Heil Gitler! Gr8 stuff dudette,it's got the whole Douglas Adams feel to it ;-) and by da way, I hereby officially apologize bout coleslaw, now that I have better things to worry u bout(read 'Bacchus') he he, ciao!

Namrata said...

Abhinav:Yea i did realise that but since this was a specific assignment that i had to conform to I don't really think I stuck to guidelines. What to me mattered here was how entertaining I could make it without sounding pompous patronizing or condescending.I love writing all kinds of stuff so I guess that shows.

Namrata said...

Poshgit: there is something known as discretion and believe me that is really the better part of valour. be warned coz your ass is going to get kicked from here to High Hell tom. That is not an idle threat. and Yeah thanks for the Adam's compliment. I guess that goes on par with 20th century Nissim Ezeikel compliment. Douglas Adams is my guru hence the shameless tribute!!!

Abhinav said...

its a real challenge isn't it, writing kids fiction without being patronizing?
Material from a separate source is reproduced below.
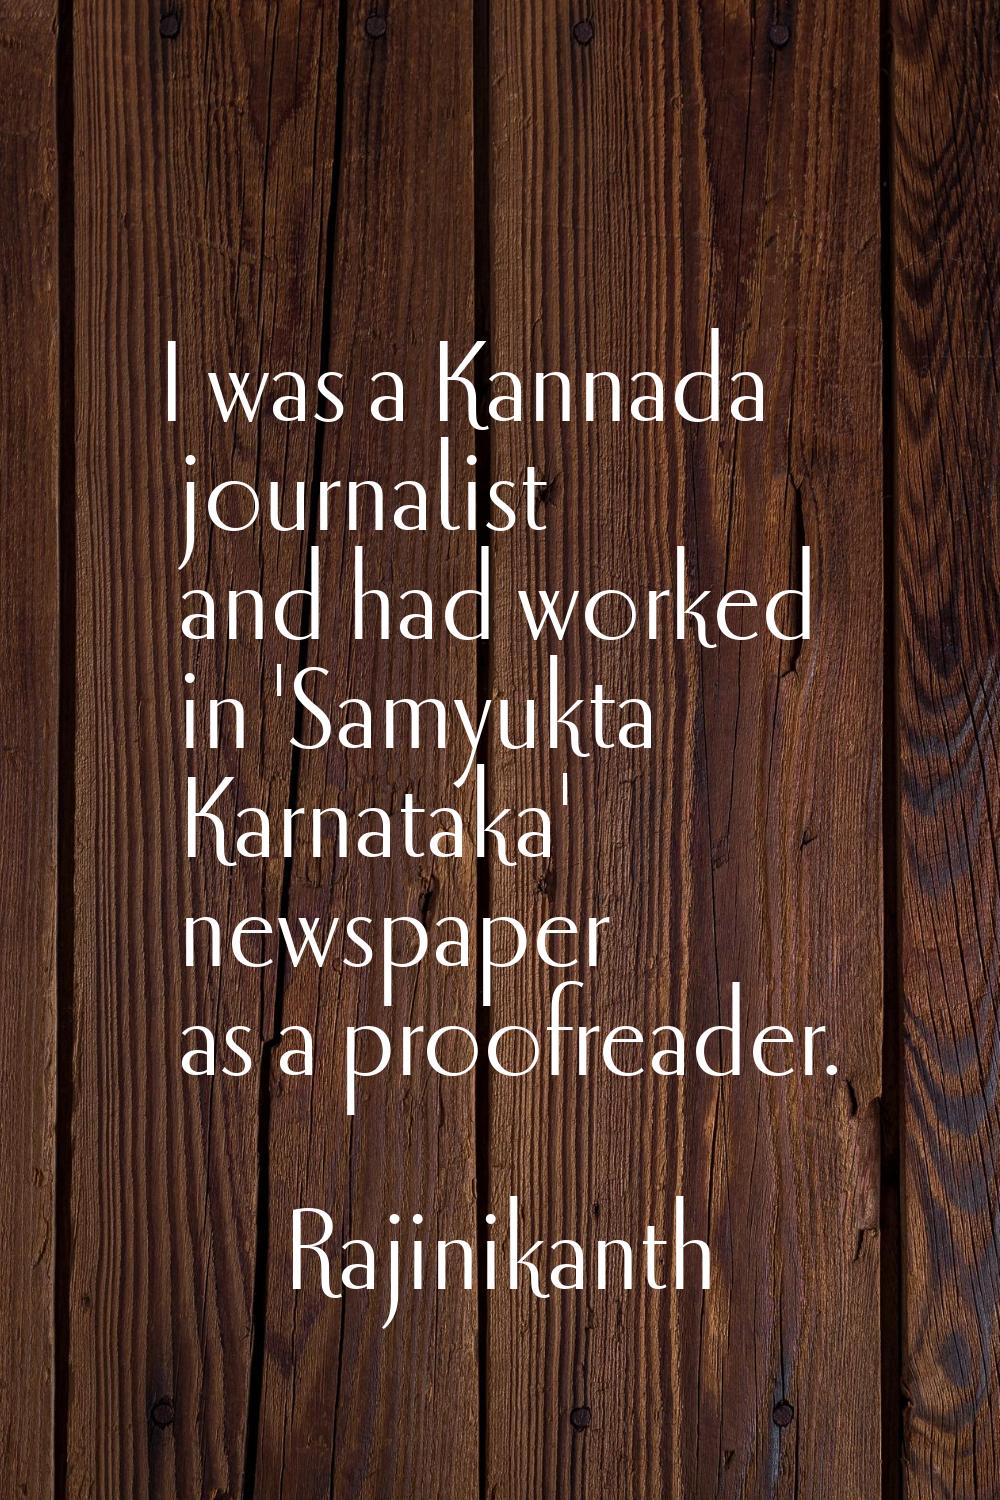 I was a Kannada journalist and had worked in 'Samyukta Karnataka' newspaper as a proofreader.

I see a number of so called children's magazines, all of which have not only a ridiculously patronizing tone (like at the end of the story - Amar and his teddy bear played happily - don't you wish you could play with them too?) but also a not-so-well-hidden moral, which makes you ache to beat the writer's head with a 5 iron club.
You're story doesn't do either!

Namrata said...

now that is really encouraging!!!!btw interesting take on the dating games in our dear city...is it against blogger etiquette to comment on a post on your own blog??What makes you think you are better than the rest and are not caught in the same trap?

Abhinav said...

gitler,
how cheap, you didn't comment on my blog! I refuse to reply til you paste this as a comment against my post.

antickpix said...

yay. i finally read this.

very cute, and it does work as a children's story.